I don't think I've ever seen orangeburg that wasn't egged some what. Not to mention the other issues it has. Clay pipe I think was actually a really good material considering the day with the exeption of the joints which was it's down fall.


----------



## 504Plumber (Jan 26, 2011)

We have terra-cotta down here everywhere, actually dug up a city 6" wye today under a house to replace it all. I think I've worked with orangeburg one time in north carolina after Katrina hit here.

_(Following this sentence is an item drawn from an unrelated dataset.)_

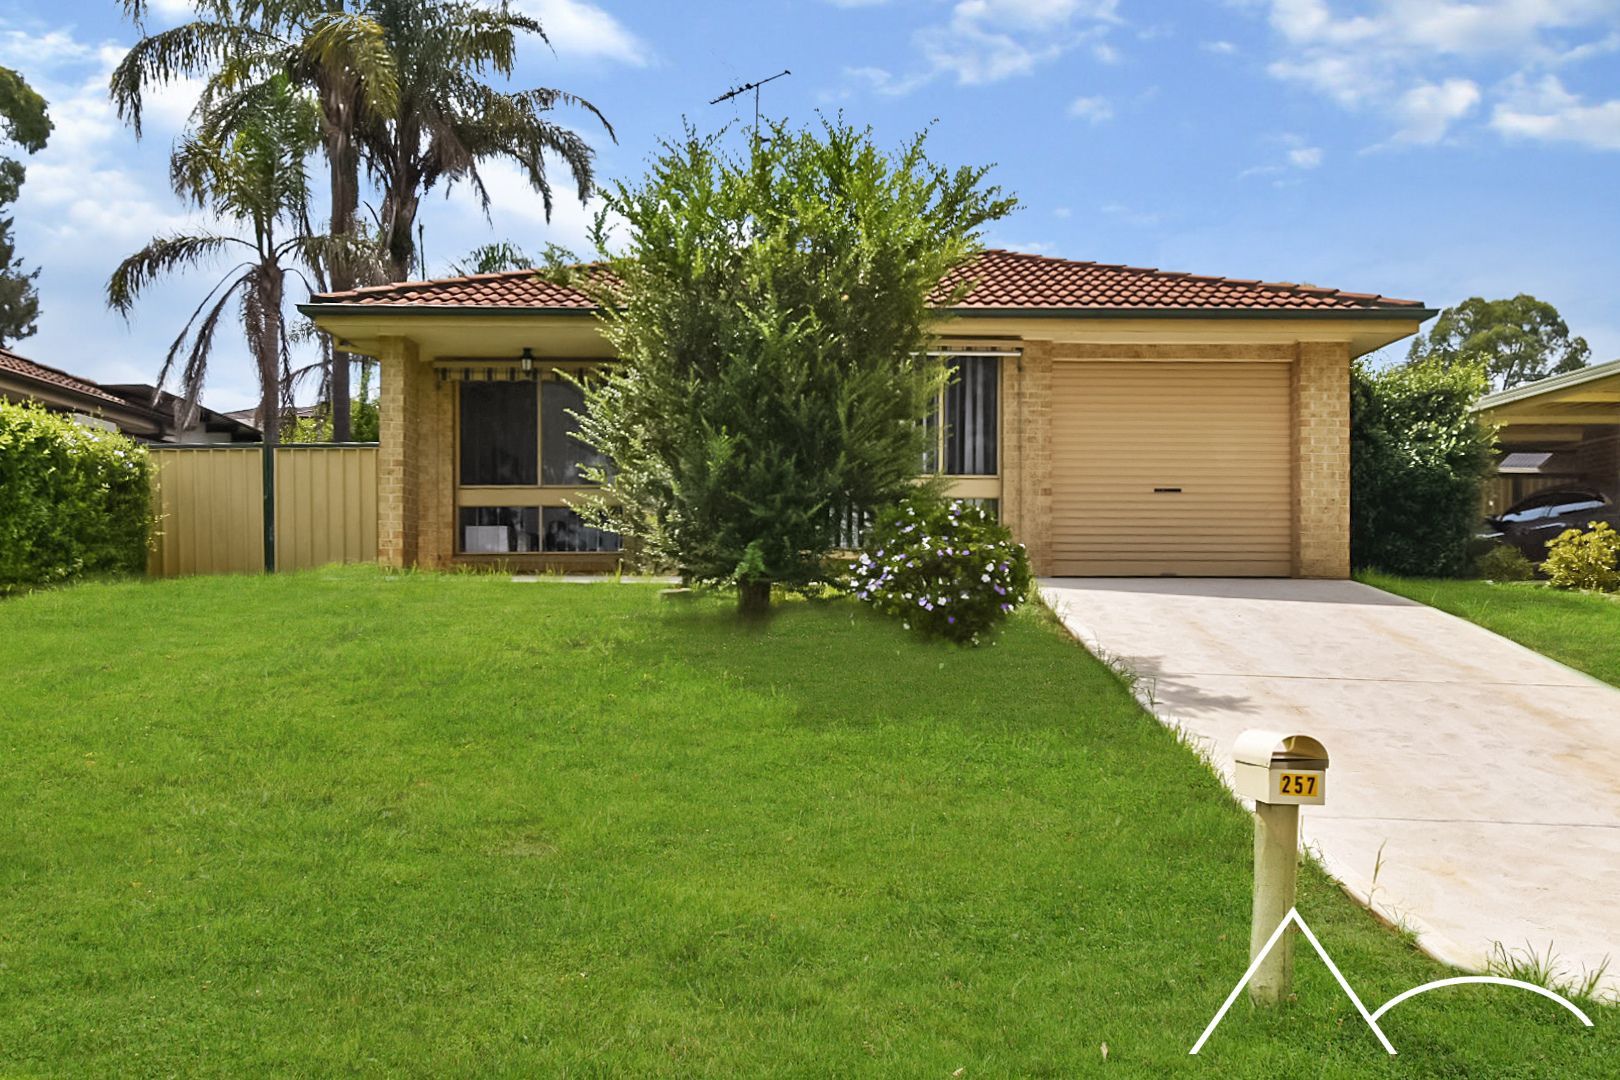 4 bedrooms House in 257 Welling Drive MOUNT ANNAN NSW, 2567

The pipe we replaced up there was brittle and the shop I worked for said it was some kind of tar pipe? I wasn't going to say otherwise because of how brittle this pipe was, does that sound like orangeburg?


----------



## Epox (Sep 19, 2010)

You got it.


----------



## mtfallsmikey (Jan 11, 2010)

The Orangeburg in the O.P.'s pics actually looked like it was in pretty good shape. I'm sure Dad laid a few miles of it in the day, I helped rip out about as much.


----------



## RealLivePlumber (Jun 22, 2008)

Plumbus said:


> I don't know about Fernco, but the Mission MR51 44 (4" AC/DI To 4" CI/PL ) will work. AC is a perfect fit for Orangeburg, even when it's somewhat oblong.


:yes:

I stock them in the shop. Work perfect. 

Quiz-Anyone know what the "AC/DI" stands for?


----------



## plbgbiz (Aug 27, 2010)

RealLivePlumber said:


> ..what the "AC/DI" stands for?


It's either concrete and ductile iron or a rock band. I can never remember which. :walkman:


----------



## SlickRick (Sep 3, 2009)

Asbestos Cement / Ductile Iron


----------